Various studies have reported that Tregs suppress autoreactive T cells via multiple mechanisms, such as the secretion of inhibitory cytokines (e.g., IL-10 and transforming growth factor-β [TGF-β]), cell contact-dependent endocytosis (CTLA-4–CD80/CD86), and adenosine-mediated immunosuppression involving the ectoenzymes CD39/CD7347. It is currently thought that decreased Treg numbers, impaired Treg suppressive capability, and resistance of pathogenic T cells to Treg control might contribute to the dysregulated T cell-mediated autoimmune responses that are associated with MS pathology2,48. Despite the presence of Foxp3+ Tregs in acute or chronic demyelinated CNS lesions, Tregs are absent or present in small numbers in MS tissues, probably due to their extremely short-lived nature49,50. Indeed, in our study, administration of Tregs did not markedly attenuate the proinflammatory immune response within the CNS of EAE model mice when compared to the control (sham-treated) group; however, these mice exhibited a CNS inflammatory response in the CNS via the release of main cytokines, such as IFN-γ, which is a well-known proinflammatory cytokine that is involved in EAE pathogenesis51,52. Therefore, we speculate that antigen-specific Tregs closely regulate the development of autoimmune response in the CNS by regulating autoreactive T cells and maintaining peripheral tolerance toward self-antigens. Nonetheless, more evidence is required to address this issue.

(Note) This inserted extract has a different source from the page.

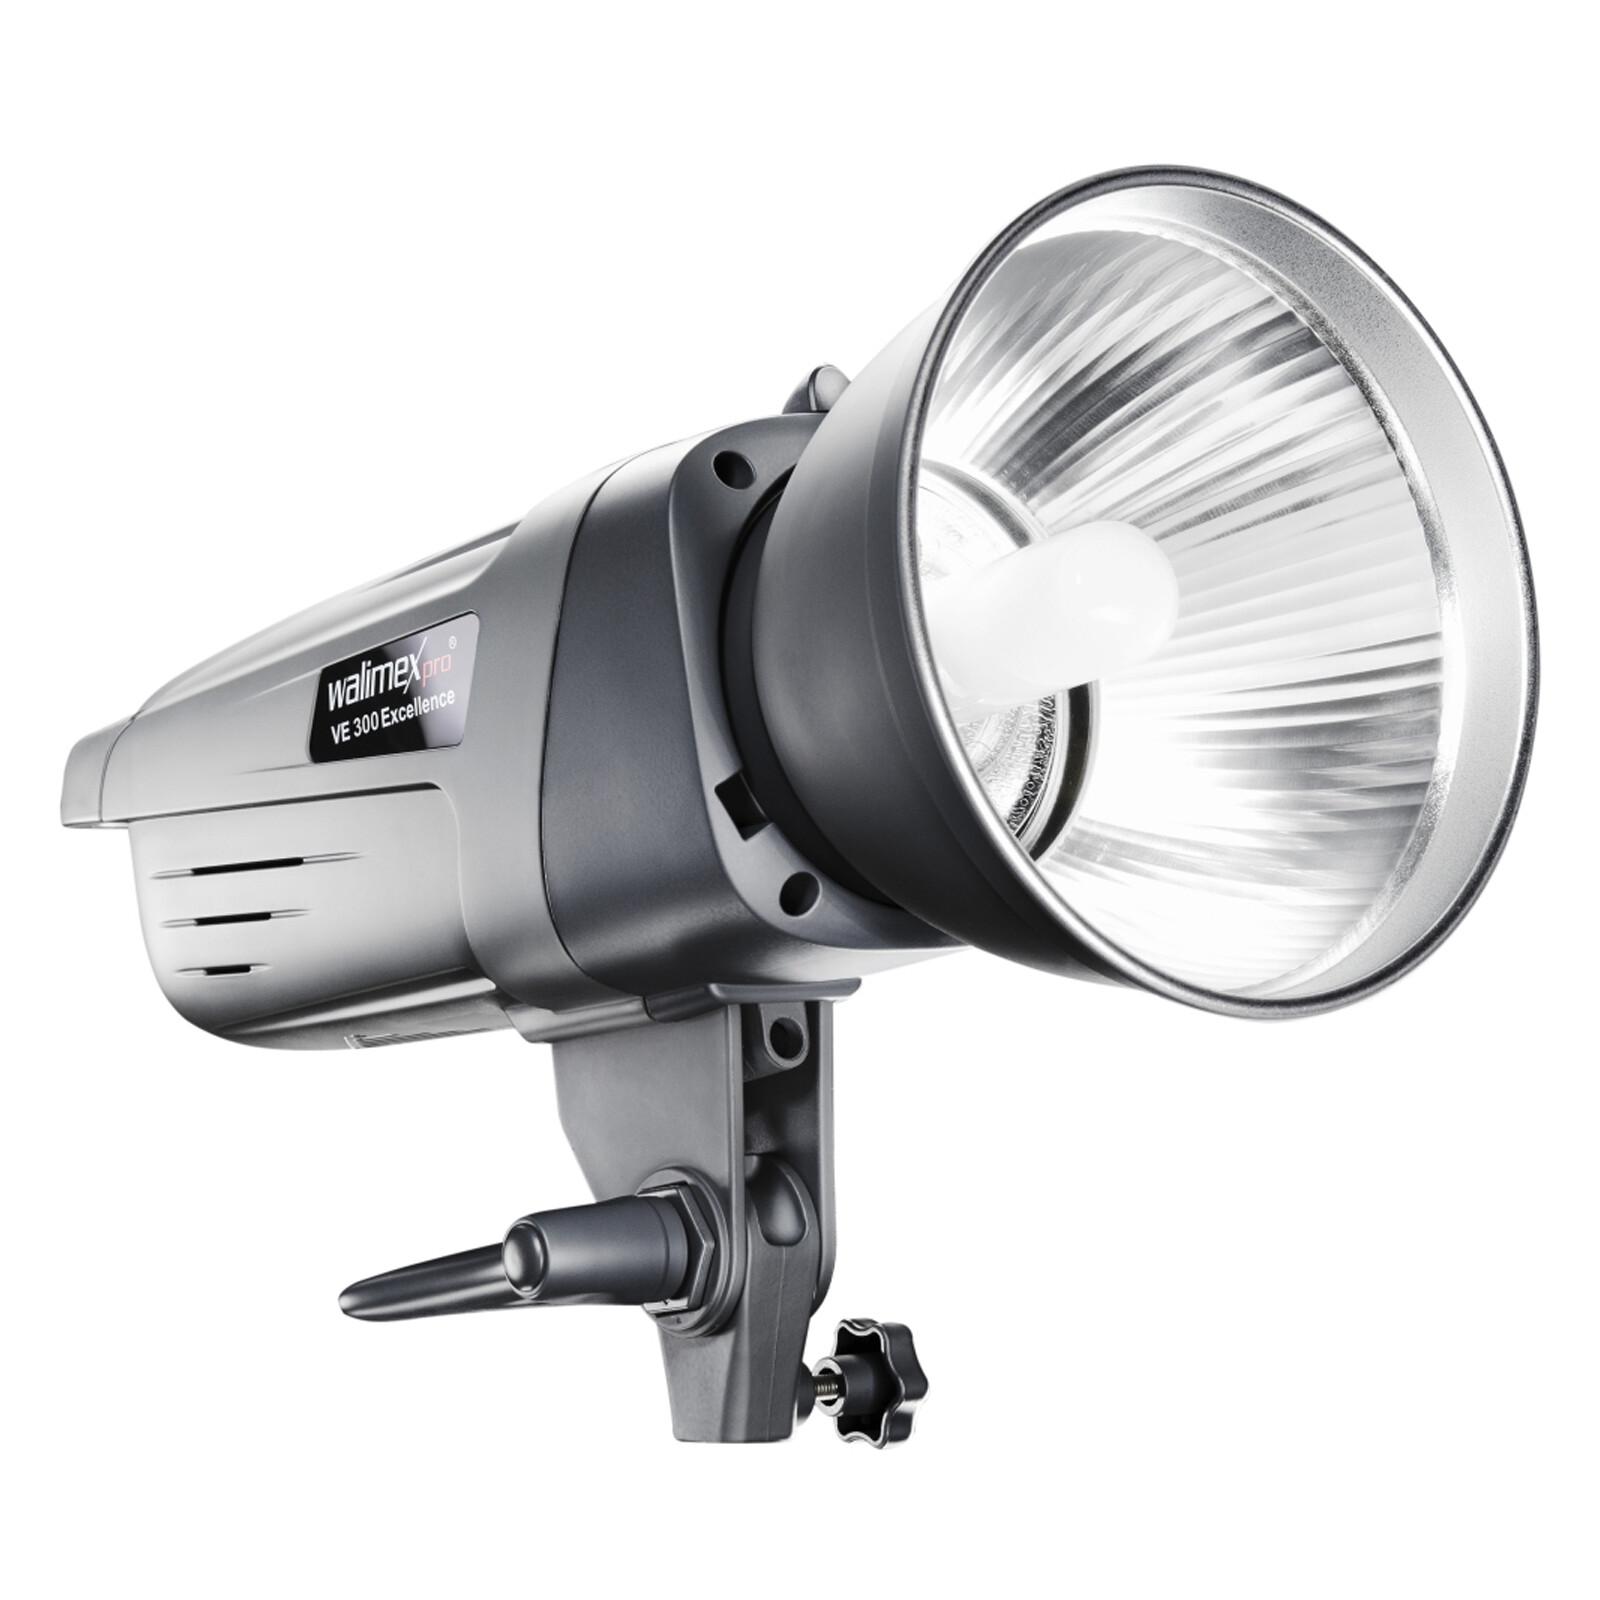 Walimex Pro VE-300 Excellence Studioblitzleuchte

CCN3, also known as nephroblastoma overexpressed [NOV], is a member of the CCN family and has multiple bioactivities that are associated with cell growth, migration, and differentiation53,54,55. In adult mammals, CCN3 is widely expressed in smooth muscle cells, endotheliocytes, fibroblasts, and chondrocytes56,57, and it is also expressed in neurons of distinct areas of the nervous system (e.g., dorsal root ganglia, dorsal horn of spinal cord, hippocampus, and central canal), Olig2+ and GFAP+ glia in the spinal cord58,59,60. Of note, upregulated expression of CCN3 was reported during CNS demyelination and remyelination in a cuprizone-induced mouse model of demyelination60, and CCN3 was involved in nonspecific Treg-driven OPCs differentiation and CNS remyelination13. In parallel, our study revealed increased Ccn3 mRNA and protein expression in the spinal cords of the antigen-specific CD4+CD25+ Treg-treated group compared to the sham-treated control group. Additionally, more CCN3+ cells were observed in the spinal cords of Treg-treated mice than in sham-treated mice. Taking all these findings into consideration, we confirm for the first time that antigen-specific Tregs can exert neuroprotective effects by upregulating CCN3 expression in oligodendrocytes, ultimately contributing to CNS tissue repair and regeneration.

Conclusion

In summary, our preliminary preclinical study first showed that the adoptive transfer of a low-dose antigen-specific Tregs efficiently ameliorated EAE symptoms or pathological severity without causing obvious adverse events, and these cells might promote tissue repair and regeneration via the upregulation of CCN3 in the CNS. Hence our findings, to a large extent, confirm the good safety and efficacy of this approach in the treatment of murine EAE and further support the potential use of this ACT approach in MS treatment. An obvious limitation of this study was the limited sample size, and this study did not select different dosages of Tregs or fully elucidate the possible mechanism by which Tregs function in the treatment of EAE. Future investigations using a larger sample size or even clinical trials would help pave the way for the development of this approach into a viable treatment option for MS.